But life kept getting in the way.
He was married, raised two wonderful daughters, had a full-time job as an editor at the St. Petersburg Times, and did all the other good stuff that eats up time and interferes with achieving those very personal dreams we all entertain.
But that’s life, right?
Well, a few years ago, Jim decided it was now or never. He retired from the newspaper, took his family and savings, and moved to North Carolina. He put everything else aside to fulfill what he believed to be his destiny and nearly two- thousand pages that became The Death Wizard Chronicles.
The first book in the six-book epic fantasy was released in September by Rain Publishing, and a new installment will be delivered to bookstores every thirty days until the entire series is available in February 2008.
It’s a hell of a story, a hell of a series, and Jim Melvin is a hell of a guy.
BOB ANDELMAN/Mr. MEDIA: Jim, for everyone who knows you personally and your story, let me ask this as plainly as possible. What the hell were you thinking? You gambled an awful lot on your imagination.
JIM MELVIN: Well, Bob, I think it was sort of something that built up over 25 years. When I would get in the shower, when I’d drive in the car, when I would fall asleep at night, I would think about this series, and, to me, it felt like this is what Jim Melvin was supposed to do, to create this series. And so many people have dreams in their lives that they’re never able to achieve because of the reality of living and working and raising families and mowing the yard and maybe taking a break at night to watch a little TV that their dreams are set aside. I had an opportunity to live off savings for a couple years and to take this risk and, rather than bank the savings and retire at age 62 and write the book then, I wanted to do it in my late 40s when I had at least a little bit of youth left. I want to be able to look in the mirror and tell myself, “You gave it your best shot.”
ANDELMAN: Now, you can affirm to people that I did not exaggerate here. This has been living inside of you for years. And pretty much everyone who’s known you, family, friends, co-workers has been aware of this, right?
MELVIN: It’s actually been living inside of me probably since I was a little boy.

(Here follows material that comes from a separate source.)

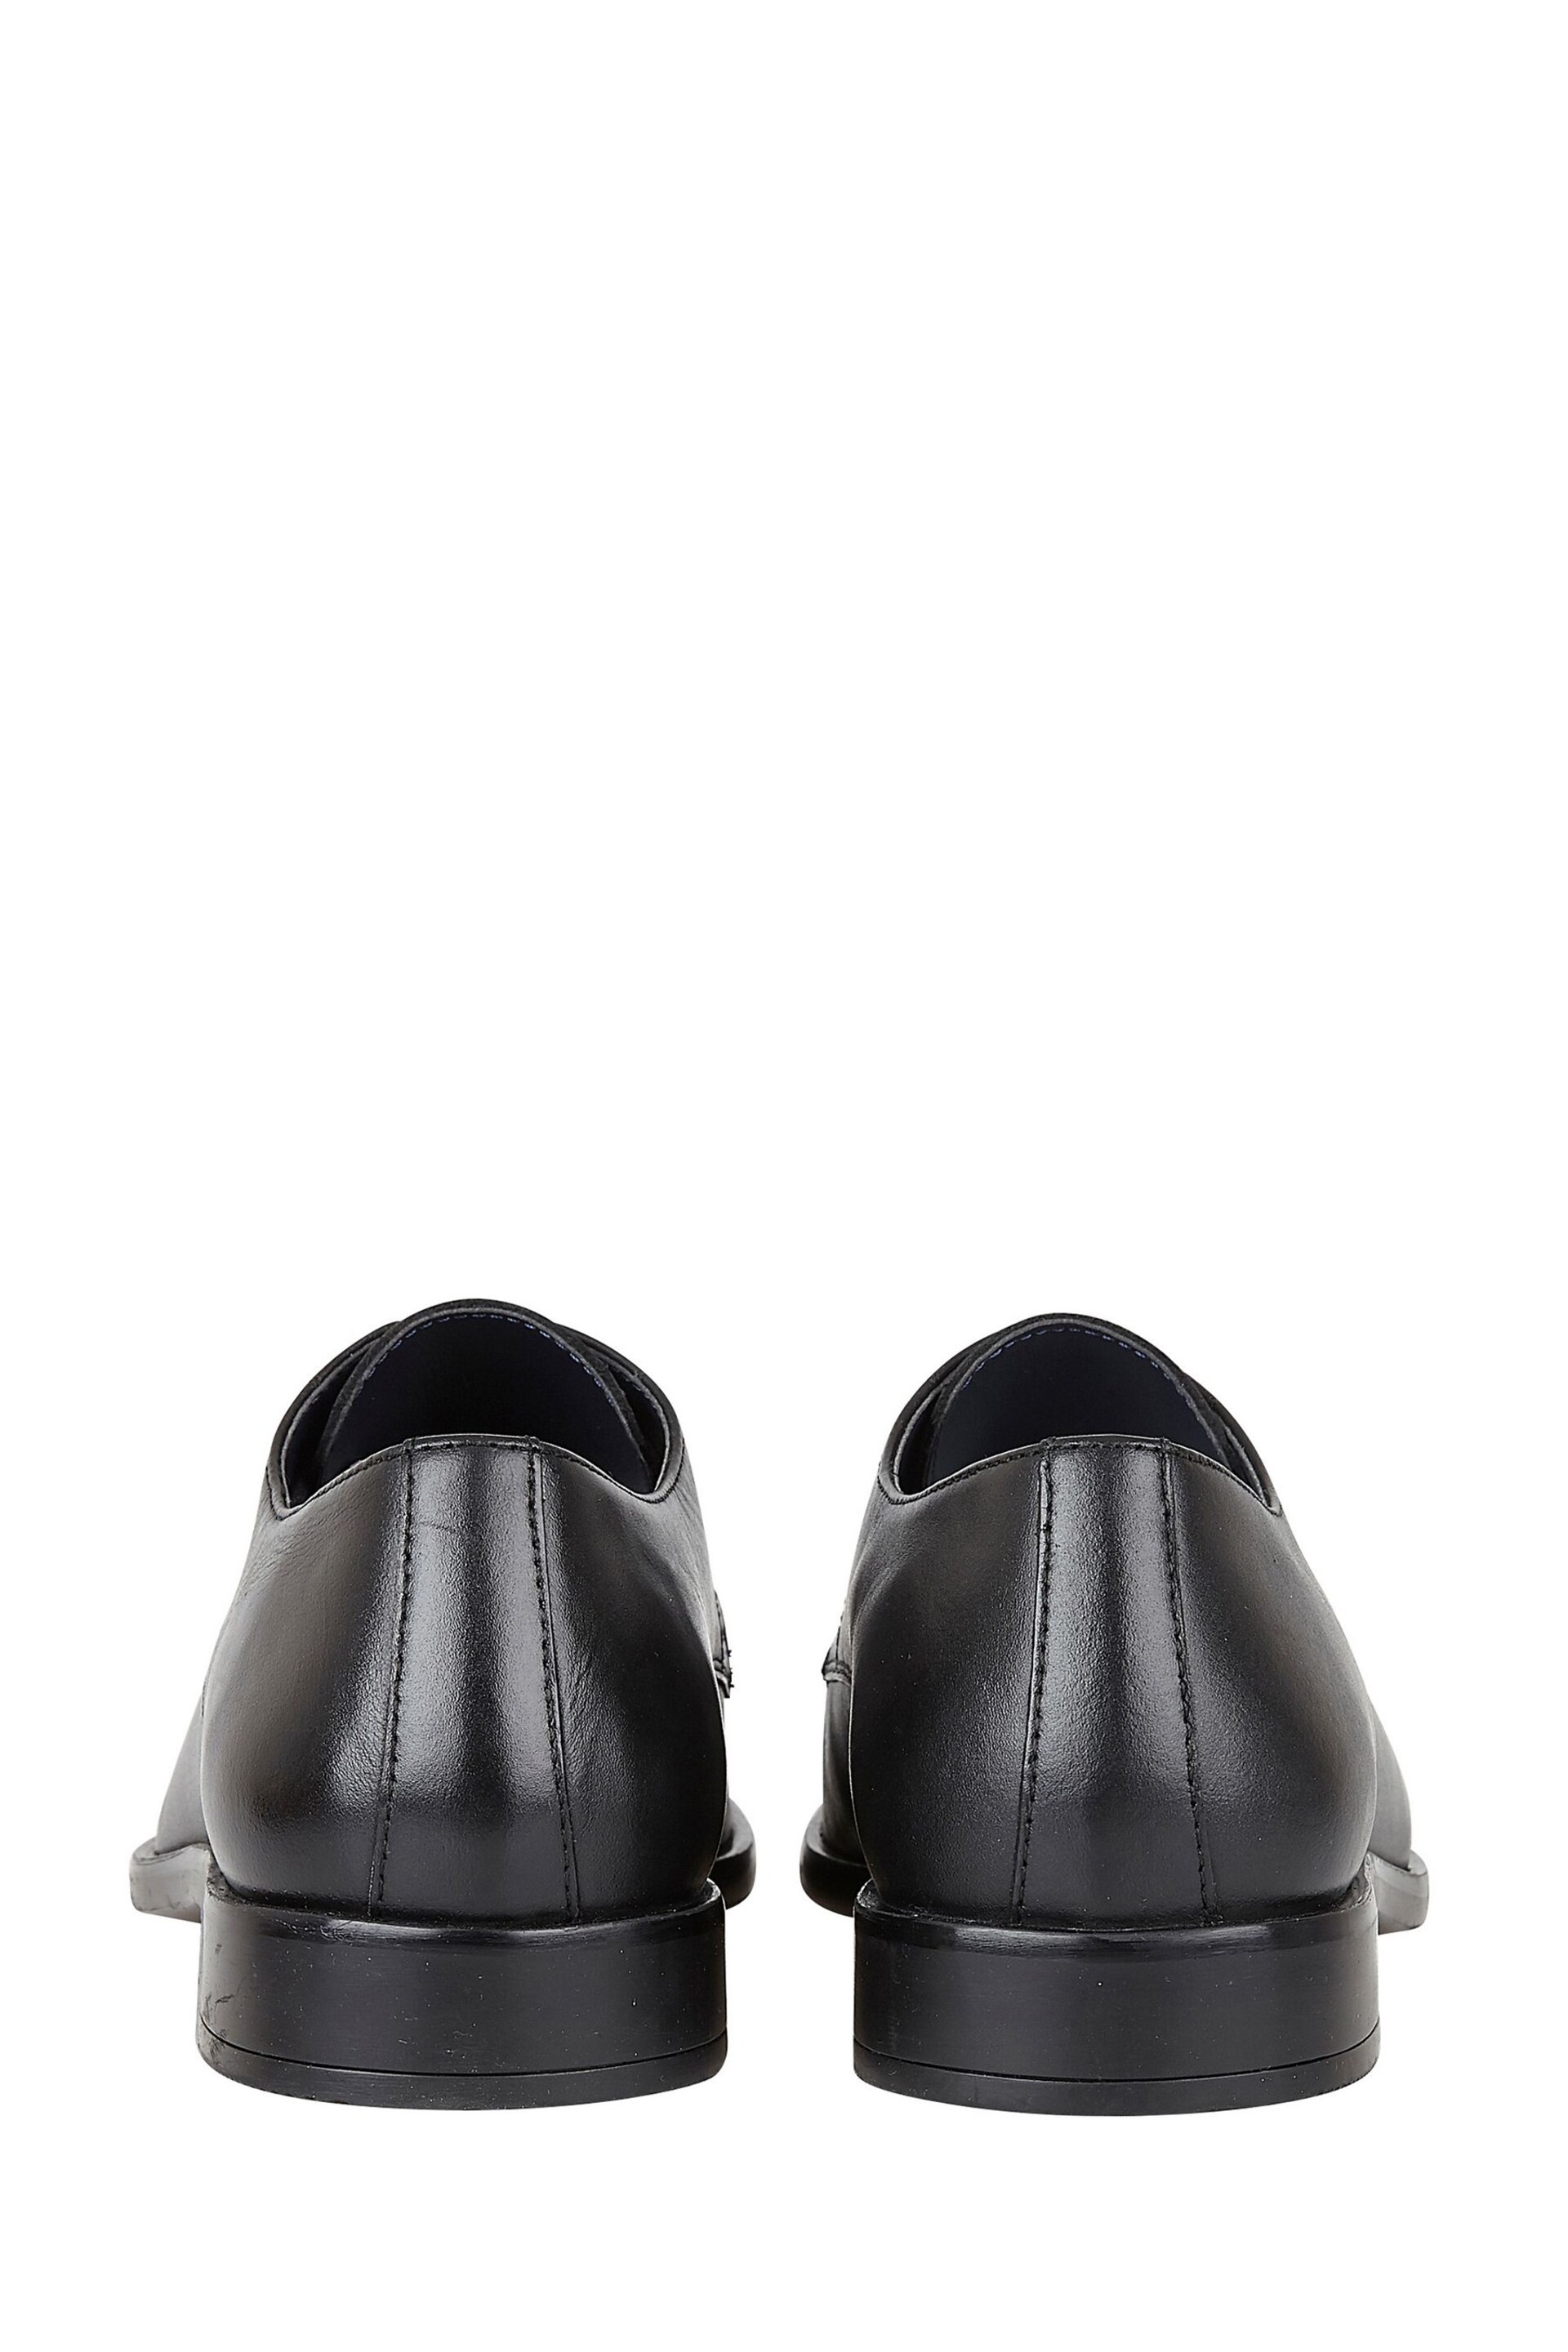 Lotus Charcole Black Leather Derby Shoes - Image 3 of 4

I grew up in St. Petersburg, Florida, and I lived on a little island called Coquina Key. I was lucky to live on a street that had quite a few boys my age. And, like a lot of boys, we played football and baseball, and we ran around all day long, especially during the summer. One thing we did was we played a lot of imaginary games, and we would get together, five, ten of us and play for hours. And a lot of it was based on things like shows of that time period back in the late sixties, early seventies like “The Man from U.N.C.L.E.” and “Lost in Space.” And my imagination was almost as tantalized by fantasy and superheroes and magical powers, and so The Death Wizard Chronicles really were born then.
ANDELMAN: Had you written any of this as a teen, in college, any of that kind of stuff, or did it all come after you retired?
MELVIN: Well, when I was a teenager, about the age, say, of a junior in high school when you’re really finally starting to try to take seriously what you’re gonna do with your life, it just hit me really hard that I wanted to become a best-selling novelist. I remember even back then when I was what, 16, 17 years old, I was going around and telling people that I was going to be a best-selling novelist, and I was gonna make $75 million. And that’s in the mid-1970s, so that’s probably $300 million of today’s dollars.
Then I thought, well, I’m not a rich person now. I need to make a living at least until the first novel hits big. What should I do? Well, I decided then to become a journalist because journalists write. I’ll learn the craft of writing even though, at that point, when I was young, I was so arrogant I really didn’t think I needed to learn the craft of writing.
I actually wrote a novel. It was a horror story, kind of a Stephen King-type thing. Stephen King was just coming out at that point. I shopped it around some, and it came actually relatively close to being published. But, at the time, and all writers hear this, that it’s usually not the first book that hits it big. It’s the second or third book that hits it big. So I wasn’t really concerned that the first book didn’t get published. I knew the second one would, only then I began working 50-hour weeks and six-day weeks. And I got married, and I had kids, and I had a house to take care of, and there never was a second book. But for 25 years, The Death Wizard Chronicles were in my mind, and I did try to attempt to write it several times. I would get 30 or 40 or 50 pages into it, and then just it would stop. I would either lose momentum, or I didn’t like what I was doing. As it turned out, the real reason I didn’t write it wasn’t the excuse of working too hard or having a family, it was that I really, as a writer and as a person, wasn’t ready for it. And journalism and living my life, you meet a lot of people, and you have a lot of experiences, and you learn a lot of things. You do learn the craft of writing. And over the years, I became a more worldly, more mature person, more capable of this. And so actually, in the long run, it really turned out for the best because now is my time.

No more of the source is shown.